Quantum Circuits with 104 Superconducting Qubits Enhance Combinatorial Optimization, Surpassing Classical Simulated Annealing Performance

Combinatorial optimization, the process of finding the best solution from a vast number of possibilities, presents a significant challenge for modern computing, yet it underpins many practical applications. Xuhao Zhu from Zhejiang University, Zuoheng Zou from Huawei Technologies, and Feitong Jin, also from Zhejiang University, alongside Pavel Mosharev, Maolin Luo, and Yaozu Wu from Huawei Technologies, have developed a new algorithm that leverages the power of quantum circuits to tackle these complex problems. The team demonstrates a hybrid quantum-classical approach, employing a shallow-circuit sampling technique on a superconducting quantum processor with up to 104 qubits, to efficiently navigate the challenging energy landscapes of combinatorial optimization problems. This innovative method achieves demonstrably better solutions than highly optimised classical algorithms, and importantly, suggests a clear pathway towards quantum speedup for these problems as quantum processors continue to scale towards larger qubit numbers.

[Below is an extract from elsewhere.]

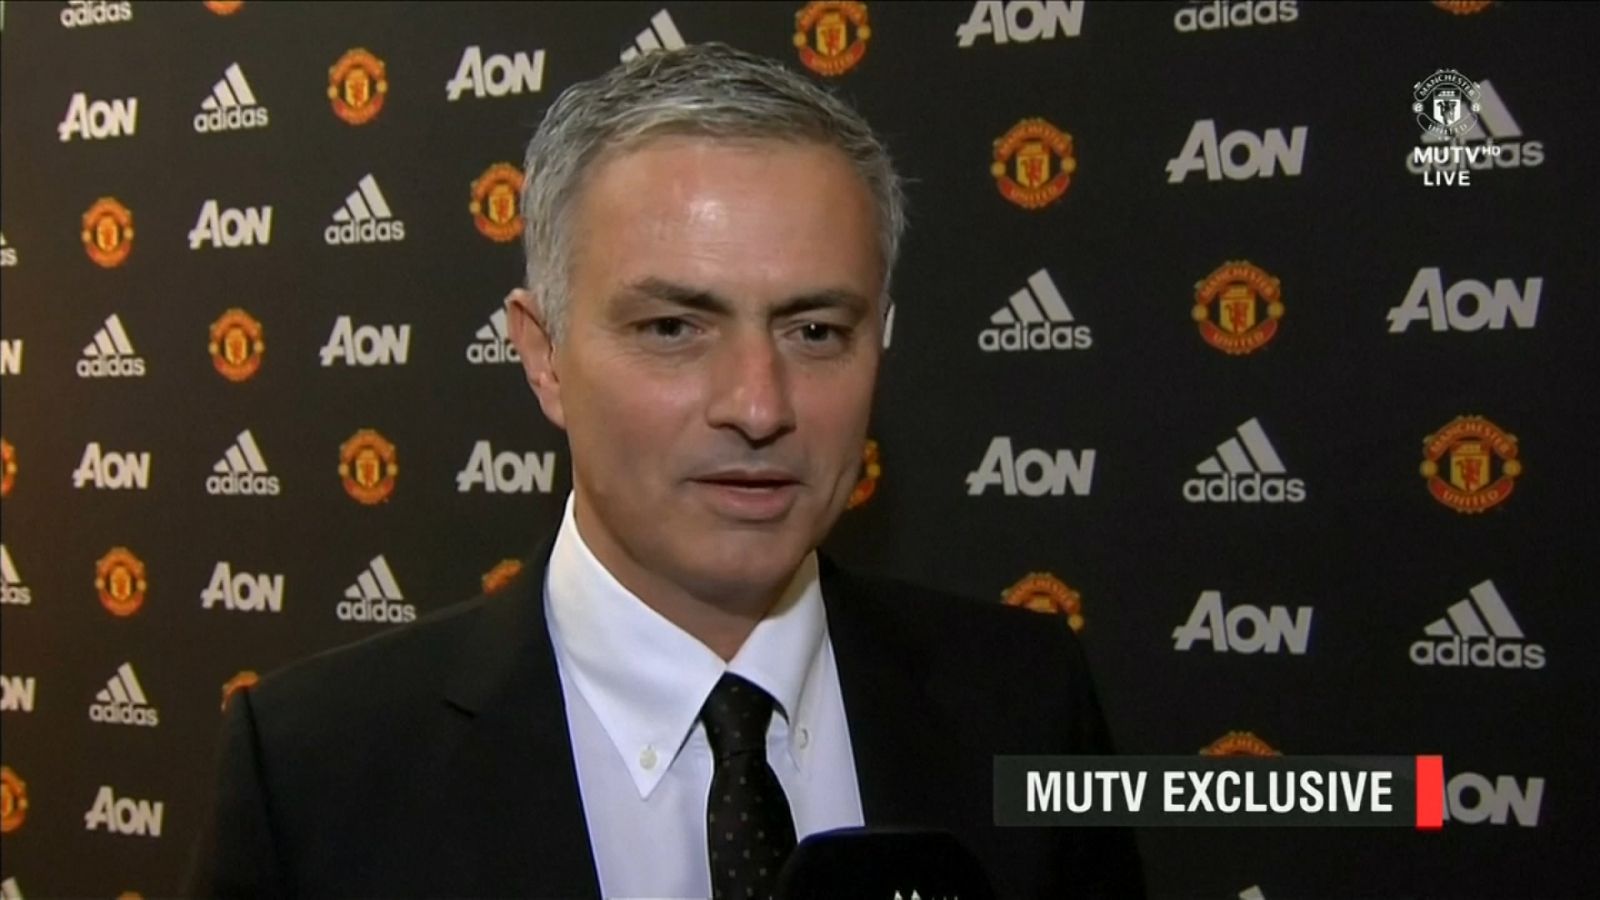 Jose Mourinho Manchester United Official - HD Wallpaper

Quantum Optimization via Variational Algorithms and Annealing

Quantum computing research focuses intensely on developing algorithms to solve optimization problems that challenge classical computers. Key approaches include the Quantum Approximate Optimization Algorithm (QAOA), which receives considerable attention for its potential and ongoing improvements, and Quantum Annealing, explored for its scaling advantages. Researchers also investigate Quantum Monte Carlo methods, aiming to enhance their efficiency with quantum effects. Classical optimization techniques, such as Simulated Annealing, Tabu Search, and Genetic Algorithms, provide a crucial benchmark for evaluating quantum algorithms.

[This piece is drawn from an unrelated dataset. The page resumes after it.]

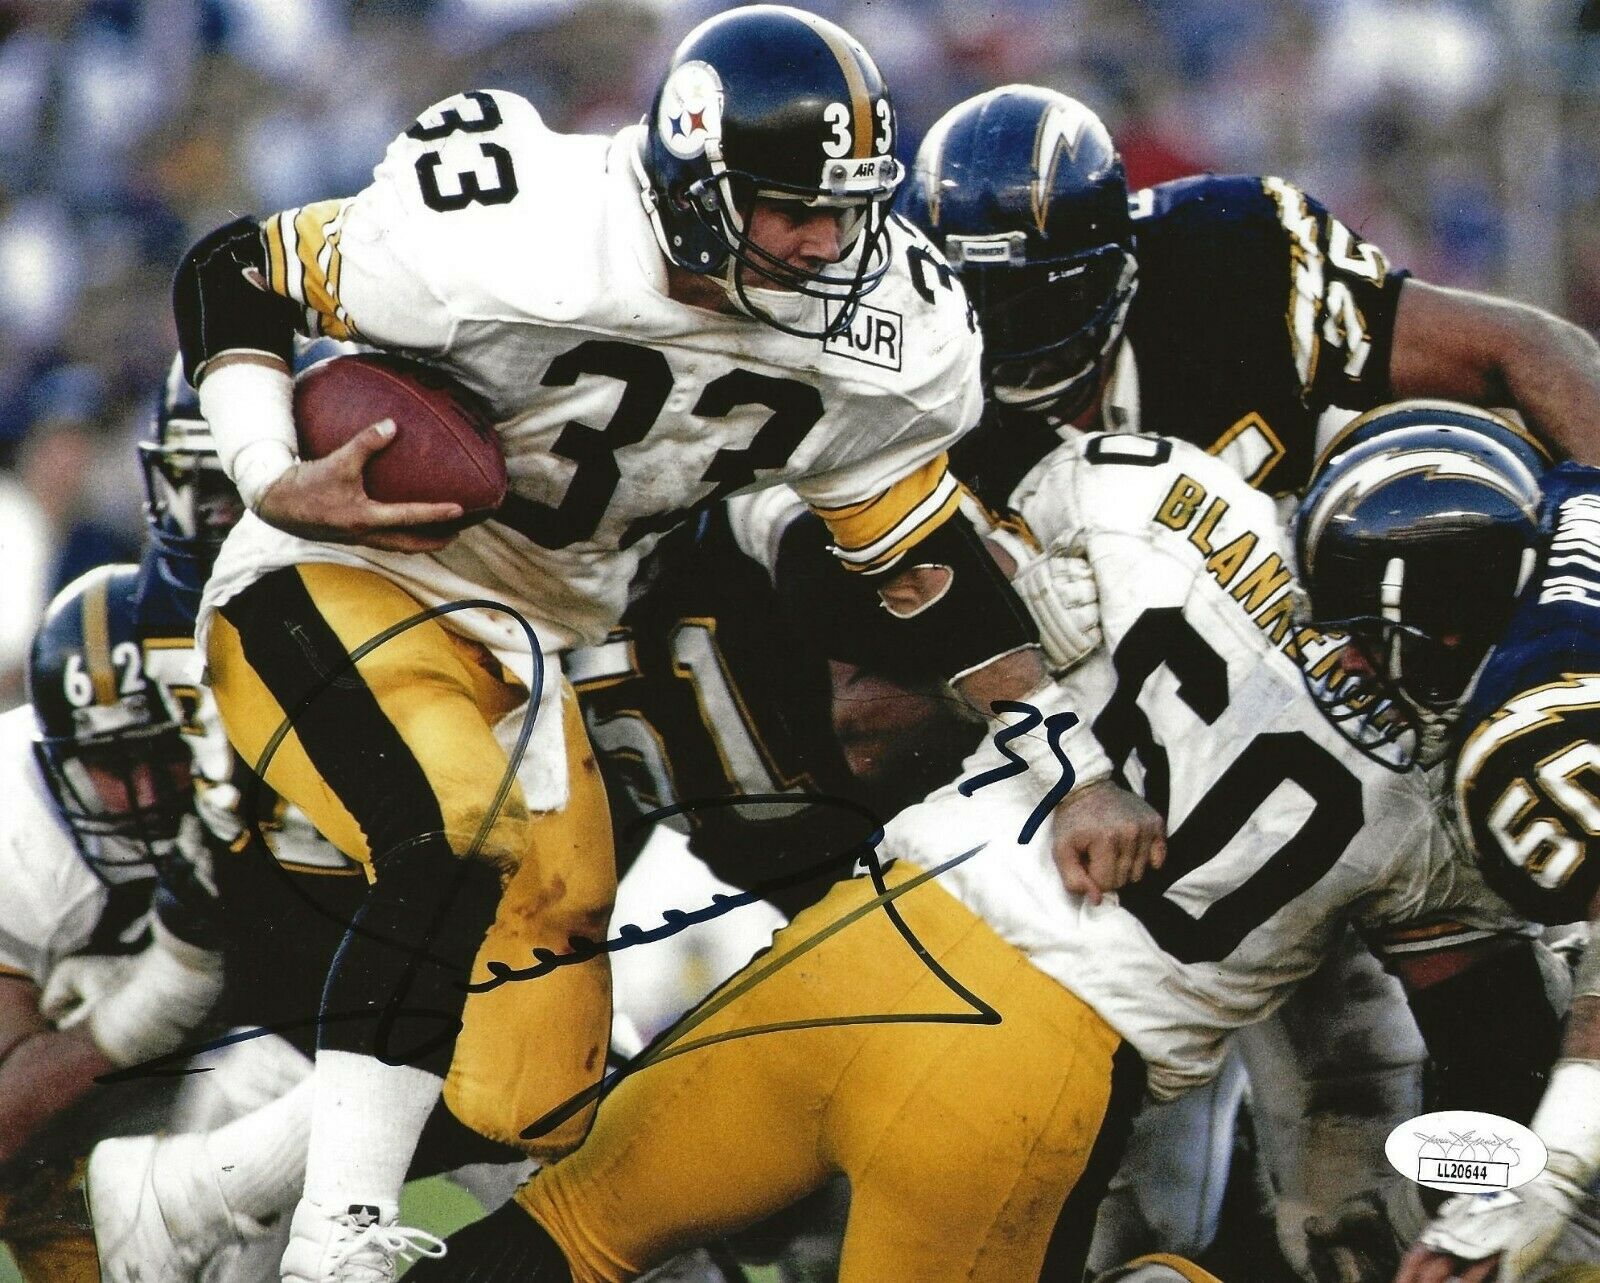 Merril Hoge autographed 8x10 Photo Pittsburgh Steelers

A significant challenge in realizing practical quantum computers lies in mitigating errors. Scientists are actively developing quantum error correction methods, notably surface code error correction, to create logical qubits with improved performance. Progress also depends on advancements in quantum hardware and control, including digital signal processing techniques, and the ability to scale up quantum systems. These algorithms have potential applications in diverse fields, including solving combinatorial optimization problems, studying complex physical systems like Ising models and spin glasses, and potentially enhancing machine learning methods.

Current research emphasizes improving QAOA through parameter optimization, novel circuit designs, and techniques like warm-starting, which uses classical solutions to accelerate convergence. Researchers are also exploring connections between QAOA and statistical physics through the concept of pseudo-Boltzmann states. Scaling quantum systems requires both quantum error correction and increasing the number of qubits in processors. Hybrid quantum-classical algorithms, combining the strengths of both approaches, are proving particularly promising. The ultimate goal remains demonstrating quantum advantage, where quantum computers outperform classical computers on specific problems.

Quantum simulation and quantum-enhanced Monte Carlo methods also represent important research directions. This research field is active and rapidly expanding, with a strong emphasis on making quantum algorithms practical and addressing the challenges of building real-world quantum computers. The research draws on concepts from physics, computer science, mathematics, and engineering, and researchers actively benchmark quantum algorithms against classical methods. The emergence of frameworks like Mindspore Quantum suggests a growing ecosystem of tools and resources for quantum computing, and recent publications indicate a current snapshot of this dynamic field.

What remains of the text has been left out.